[Collected data entries]
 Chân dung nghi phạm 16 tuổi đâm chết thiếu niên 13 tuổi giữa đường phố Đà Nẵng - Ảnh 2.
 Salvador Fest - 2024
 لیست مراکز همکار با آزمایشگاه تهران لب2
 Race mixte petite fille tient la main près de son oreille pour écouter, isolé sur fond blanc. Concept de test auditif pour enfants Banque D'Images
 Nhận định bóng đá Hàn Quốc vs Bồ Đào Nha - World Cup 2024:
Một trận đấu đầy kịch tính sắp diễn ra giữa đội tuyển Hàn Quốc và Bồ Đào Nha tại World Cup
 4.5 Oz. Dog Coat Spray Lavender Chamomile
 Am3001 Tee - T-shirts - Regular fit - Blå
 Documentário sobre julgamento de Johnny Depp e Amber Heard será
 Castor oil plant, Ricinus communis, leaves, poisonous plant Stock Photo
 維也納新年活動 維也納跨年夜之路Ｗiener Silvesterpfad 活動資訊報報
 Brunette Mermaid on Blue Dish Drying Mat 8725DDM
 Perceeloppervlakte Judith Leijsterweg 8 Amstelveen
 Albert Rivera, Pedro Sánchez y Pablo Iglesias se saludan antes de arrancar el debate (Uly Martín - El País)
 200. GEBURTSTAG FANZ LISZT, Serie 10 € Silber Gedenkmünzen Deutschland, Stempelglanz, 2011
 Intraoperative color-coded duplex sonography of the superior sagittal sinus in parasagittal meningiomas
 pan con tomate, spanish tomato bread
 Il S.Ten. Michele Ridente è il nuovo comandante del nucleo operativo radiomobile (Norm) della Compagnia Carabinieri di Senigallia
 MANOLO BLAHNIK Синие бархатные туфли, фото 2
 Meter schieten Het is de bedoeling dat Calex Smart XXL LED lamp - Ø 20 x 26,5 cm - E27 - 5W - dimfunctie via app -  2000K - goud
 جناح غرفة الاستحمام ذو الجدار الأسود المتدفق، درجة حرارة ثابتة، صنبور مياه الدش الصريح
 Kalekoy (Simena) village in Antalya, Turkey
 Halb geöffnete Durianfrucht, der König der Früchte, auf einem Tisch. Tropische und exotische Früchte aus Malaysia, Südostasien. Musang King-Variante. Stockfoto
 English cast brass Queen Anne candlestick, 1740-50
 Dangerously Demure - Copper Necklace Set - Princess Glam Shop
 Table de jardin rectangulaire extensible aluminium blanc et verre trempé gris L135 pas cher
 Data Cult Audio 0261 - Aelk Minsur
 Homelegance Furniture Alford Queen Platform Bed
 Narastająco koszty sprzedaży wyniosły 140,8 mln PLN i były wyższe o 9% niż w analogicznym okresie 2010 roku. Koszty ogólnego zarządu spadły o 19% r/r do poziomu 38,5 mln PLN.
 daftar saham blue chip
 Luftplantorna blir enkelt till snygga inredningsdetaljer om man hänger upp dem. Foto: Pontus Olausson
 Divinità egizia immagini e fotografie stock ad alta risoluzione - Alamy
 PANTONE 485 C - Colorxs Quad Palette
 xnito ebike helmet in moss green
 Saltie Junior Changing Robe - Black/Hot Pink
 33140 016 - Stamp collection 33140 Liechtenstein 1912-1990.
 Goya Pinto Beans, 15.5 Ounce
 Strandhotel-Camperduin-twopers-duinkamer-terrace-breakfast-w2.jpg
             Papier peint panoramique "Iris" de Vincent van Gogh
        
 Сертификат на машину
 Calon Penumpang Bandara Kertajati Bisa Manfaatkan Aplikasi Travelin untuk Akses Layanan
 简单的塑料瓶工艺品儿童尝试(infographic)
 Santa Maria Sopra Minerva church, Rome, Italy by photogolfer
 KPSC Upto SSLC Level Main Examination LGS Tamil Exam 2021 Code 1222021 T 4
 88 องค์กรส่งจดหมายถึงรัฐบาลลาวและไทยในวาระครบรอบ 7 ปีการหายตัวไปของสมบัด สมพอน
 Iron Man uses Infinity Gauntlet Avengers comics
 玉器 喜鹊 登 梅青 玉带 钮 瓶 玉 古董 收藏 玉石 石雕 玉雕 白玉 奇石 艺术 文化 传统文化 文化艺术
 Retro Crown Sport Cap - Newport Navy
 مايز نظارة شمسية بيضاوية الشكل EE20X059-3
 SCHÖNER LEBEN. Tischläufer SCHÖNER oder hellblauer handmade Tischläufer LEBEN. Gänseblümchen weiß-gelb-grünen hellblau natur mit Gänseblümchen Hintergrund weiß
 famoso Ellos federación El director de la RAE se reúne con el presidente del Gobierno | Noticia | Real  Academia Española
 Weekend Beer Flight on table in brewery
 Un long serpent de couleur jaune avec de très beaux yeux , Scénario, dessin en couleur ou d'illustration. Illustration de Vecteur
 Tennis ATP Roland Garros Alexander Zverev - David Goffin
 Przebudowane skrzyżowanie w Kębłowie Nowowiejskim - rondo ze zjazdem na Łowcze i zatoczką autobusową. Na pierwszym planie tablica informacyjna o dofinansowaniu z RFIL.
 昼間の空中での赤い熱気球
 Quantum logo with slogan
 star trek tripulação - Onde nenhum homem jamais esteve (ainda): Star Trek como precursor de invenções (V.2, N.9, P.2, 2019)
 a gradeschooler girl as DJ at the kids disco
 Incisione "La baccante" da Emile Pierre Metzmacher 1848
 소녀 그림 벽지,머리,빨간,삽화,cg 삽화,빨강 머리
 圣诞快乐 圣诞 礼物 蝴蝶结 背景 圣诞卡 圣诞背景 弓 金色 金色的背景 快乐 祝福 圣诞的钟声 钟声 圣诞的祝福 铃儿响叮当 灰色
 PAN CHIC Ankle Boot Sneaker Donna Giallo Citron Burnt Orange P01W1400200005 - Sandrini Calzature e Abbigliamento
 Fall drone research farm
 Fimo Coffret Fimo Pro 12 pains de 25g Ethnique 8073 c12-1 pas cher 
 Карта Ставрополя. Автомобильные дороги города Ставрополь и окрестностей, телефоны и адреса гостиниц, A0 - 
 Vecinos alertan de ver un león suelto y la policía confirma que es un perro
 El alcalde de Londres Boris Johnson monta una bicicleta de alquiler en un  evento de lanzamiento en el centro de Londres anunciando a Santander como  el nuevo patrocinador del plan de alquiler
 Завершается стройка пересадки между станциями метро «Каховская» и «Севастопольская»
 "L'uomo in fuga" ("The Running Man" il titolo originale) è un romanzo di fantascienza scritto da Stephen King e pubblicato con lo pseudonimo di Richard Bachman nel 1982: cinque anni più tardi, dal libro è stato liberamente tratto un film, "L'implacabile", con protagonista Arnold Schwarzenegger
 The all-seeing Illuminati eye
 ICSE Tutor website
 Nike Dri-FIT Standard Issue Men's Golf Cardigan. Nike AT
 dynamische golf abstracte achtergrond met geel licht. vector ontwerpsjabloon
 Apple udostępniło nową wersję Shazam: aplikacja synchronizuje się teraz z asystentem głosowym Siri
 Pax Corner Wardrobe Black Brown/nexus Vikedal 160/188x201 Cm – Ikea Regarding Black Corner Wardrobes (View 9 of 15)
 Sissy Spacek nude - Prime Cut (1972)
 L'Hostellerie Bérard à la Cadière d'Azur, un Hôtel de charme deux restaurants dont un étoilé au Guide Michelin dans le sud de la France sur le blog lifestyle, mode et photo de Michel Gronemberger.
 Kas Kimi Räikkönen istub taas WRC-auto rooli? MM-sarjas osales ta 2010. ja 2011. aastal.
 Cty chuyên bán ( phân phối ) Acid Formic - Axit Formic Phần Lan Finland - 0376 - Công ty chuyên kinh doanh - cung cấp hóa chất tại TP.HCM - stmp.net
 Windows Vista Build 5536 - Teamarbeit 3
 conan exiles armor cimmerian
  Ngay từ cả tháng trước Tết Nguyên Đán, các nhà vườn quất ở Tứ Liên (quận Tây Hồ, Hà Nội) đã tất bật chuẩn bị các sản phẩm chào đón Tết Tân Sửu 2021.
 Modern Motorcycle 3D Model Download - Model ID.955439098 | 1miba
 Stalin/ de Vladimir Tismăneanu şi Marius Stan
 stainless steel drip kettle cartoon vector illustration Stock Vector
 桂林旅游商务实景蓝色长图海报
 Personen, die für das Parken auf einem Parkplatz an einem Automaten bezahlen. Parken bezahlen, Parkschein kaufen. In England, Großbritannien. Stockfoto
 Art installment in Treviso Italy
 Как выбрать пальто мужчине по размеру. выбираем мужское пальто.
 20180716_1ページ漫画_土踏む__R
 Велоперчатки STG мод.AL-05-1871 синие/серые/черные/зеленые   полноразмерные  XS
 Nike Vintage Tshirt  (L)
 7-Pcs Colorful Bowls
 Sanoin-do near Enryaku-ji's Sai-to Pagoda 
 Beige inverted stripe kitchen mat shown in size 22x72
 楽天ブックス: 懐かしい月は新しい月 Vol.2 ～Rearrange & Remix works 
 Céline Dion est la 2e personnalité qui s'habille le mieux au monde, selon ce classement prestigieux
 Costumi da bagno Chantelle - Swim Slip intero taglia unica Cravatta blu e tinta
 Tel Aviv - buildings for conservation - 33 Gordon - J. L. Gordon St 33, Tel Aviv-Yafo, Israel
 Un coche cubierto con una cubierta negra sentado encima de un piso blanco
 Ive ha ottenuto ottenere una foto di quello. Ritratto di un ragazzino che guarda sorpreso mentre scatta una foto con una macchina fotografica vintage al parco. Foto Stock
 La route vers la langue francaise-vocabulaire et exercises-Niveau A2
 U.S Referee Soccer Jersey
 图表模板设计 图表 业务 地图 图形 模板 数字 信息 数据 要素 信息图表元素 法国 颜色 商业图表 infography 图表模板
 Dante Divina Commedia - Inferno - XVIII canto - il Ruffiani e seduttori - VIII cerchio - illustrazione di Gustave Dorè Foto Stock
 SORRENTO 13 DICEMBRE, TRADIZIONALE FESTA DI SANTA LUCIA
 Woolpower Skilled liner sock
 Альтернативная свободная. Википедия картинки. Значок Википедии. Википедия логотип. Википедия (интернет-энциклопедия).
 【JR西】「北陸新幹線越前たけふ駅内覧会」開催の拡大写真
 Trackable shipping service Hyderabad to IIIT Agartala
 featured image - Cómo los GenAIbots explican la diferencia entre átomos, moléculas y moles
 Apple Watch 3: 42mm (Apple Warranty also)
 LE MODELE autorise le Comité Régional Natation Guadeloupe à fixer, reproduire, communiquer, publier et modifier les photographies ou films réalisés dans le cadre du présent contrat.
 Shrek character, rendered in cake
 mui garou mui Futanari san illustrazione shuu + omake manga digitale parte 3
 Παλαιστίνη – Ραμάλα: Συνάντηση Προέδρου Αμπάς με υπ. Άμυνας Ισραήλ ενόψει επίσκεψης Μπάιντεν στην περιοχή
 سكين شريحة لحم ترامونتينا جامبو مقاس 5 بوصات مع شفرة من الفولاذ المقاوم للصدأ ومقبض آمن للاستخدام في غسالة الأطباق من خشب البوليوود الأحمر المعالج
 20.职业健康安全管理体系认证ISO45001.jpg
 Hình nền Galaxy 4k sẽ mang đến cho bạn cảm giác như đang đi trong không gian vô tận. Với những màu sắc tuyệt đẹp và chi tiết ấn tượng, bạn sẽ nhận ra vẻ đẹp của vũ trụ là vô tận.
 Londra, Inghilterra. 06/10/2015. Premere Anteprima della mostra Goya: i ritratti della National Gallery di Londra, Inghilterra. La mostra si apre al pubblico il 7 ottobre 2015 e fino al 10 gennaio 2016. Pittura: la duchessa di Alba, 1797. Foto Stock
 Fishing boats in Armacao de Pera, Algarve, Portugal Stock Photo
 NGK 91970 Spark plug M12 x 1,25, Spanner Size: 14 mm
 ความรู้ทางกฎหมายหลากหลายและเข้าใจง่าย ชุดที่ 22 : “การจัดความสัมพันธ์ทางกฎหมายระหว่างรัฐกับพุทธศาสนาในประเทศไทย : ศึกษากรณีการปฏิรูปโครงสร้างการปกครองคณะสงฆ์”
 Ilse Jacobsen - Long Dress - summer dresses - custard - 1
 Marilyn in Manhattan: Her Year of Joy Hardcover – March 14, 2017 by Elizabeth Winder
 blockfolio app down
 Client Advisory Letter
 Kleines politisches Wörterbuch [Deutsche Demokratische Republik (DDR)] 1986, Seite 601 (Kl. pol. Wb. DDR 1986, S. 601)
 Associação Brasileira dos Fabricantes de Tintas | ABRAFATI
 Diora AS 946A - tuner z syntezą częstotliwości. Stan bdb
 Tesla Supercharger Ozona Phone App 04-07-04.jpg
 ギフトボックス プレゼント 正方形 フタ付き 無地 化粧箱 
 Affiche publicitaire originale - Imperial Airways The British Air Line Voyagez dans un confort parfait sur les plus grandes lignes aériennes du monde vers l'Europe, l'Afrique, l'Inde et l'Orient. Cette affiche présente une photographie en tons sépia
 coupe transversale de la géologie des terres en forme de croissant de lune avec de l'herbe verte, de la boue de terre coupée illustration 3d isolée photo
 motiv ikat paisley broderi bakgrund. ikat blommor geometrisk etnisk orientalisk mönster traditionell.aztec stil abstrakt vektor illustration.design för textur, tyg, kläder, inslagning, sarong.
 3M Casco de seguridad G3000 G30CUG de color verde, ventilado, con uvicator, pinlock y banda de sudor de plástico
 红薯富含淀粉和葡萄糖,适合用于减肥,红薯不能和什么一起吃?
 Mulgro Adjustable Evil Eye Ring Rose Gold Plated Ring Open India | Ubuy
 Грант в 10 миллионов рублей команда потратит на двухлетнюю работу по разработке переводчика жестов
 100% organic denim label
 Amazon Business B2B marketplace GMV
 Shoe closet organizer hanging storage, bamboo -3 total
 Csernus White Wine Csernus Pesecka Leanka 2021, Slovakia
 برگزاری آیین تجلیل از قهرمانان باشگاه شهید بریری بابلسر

● **Instructions for the task**
Quote the data above from the line containing "Hình nền Galaxy" to the line containing "Mulgro Adjustable Evil", inclusive, and stop.

● **The answer**
 Hình nền Galaxy 4k sẽ mang đến cho bạn cảm giác như đang đi trong không gian vô tận. Với những màu sắc tuyệt đẹp và chi tiết ấn tượng, bạn sẽ nhận ra vẻ đẹp của vũ trụ là vô tận.
 Londra, Inghilterra. 06/10/2015. Premere Anteprima della mostra Goya: i ritratti della National Gallery di Londra, Inghilterra. La mostra si apre al pubblico il 7 ottobre 2015 e fino al 10 gennaio 2016. Pittura: la duchessa di Alba, 1797. Foto Stock
 Fishing boats in Armacao de Pera, Algarve, Portugal Stock Photo
 NGK 91970 Spark plug M12 x 1,25, Spanner Size: 14 mm
 ความรู้ทางกฎหมายหลากหลายและเข้าใจง่าย ชุดที่ 22 : “การจัดความสัมพันธ์ทางกฎหมายระหว่างรัฐกับพุทธศาสนาในประเทศไทย : ศึกษากรณีการปฏิรูปโครงสร้างการปกครองคณะสงฆ์”
 Ilse Jacobsen - Long Dress - summer dresses - custard - 1
 Marilyn in Manhattan: Her Year of Joy Hardcover – March 14, 2017 by Elizabeth Winder
 blockfolio app down
 Client Advisory Letter
 Kleines politisches Wörterbuch [Deutsche Demokratische Republik (DDR)] 1986, Seite 601 (Kl. pol. Wb. DDR 1986, S. 601)
 Associação Brasileira dos Fabricantes de Tintas | ABRAFATI
 Diora AS 946A - tuner z syntezą częstotliwości. Stan bdb
 Tesla Supercharger Ozona Phone App 04-07-04.jpg
 ギフトボックス プレゼント 正方形 フタ付き 無地 化粧箱 
 Affiche publicitaire originale - Imperial Airways The British Air Line Voyagez dans un confort parfait sur les plus grandes lignes aériennes du monde vers l'Europe, l'Afrique, l'Inde et l'Orient. Cette affiche présente une photographie en tons sépia
 coupe transversale de la géologie des terres en forme de croissant de lune avec de l'herbe verte, de la boue de terre coupée illustration 3d isolée photo
 motiv ikat paisley broderi bakgrund. ikat blommor geometrisk etnisk orientalisk mönster traditionell.aztec stil abstrakt vektor illustration.design för textur, tyg, kläder, inslagning, sarong.
 3M Casco de seguridad G3000 G30CUG de color verde, ventilado, con uvicator, pinlock y banda de sudor de plástico
 红薯富含淀粉和葡萄糖,适合用于减肥,红薯不能和什么一起吃?
 Mulgro Adjustable Evil Eye Ring Rose Gold Plated Ring Open India | Ubuy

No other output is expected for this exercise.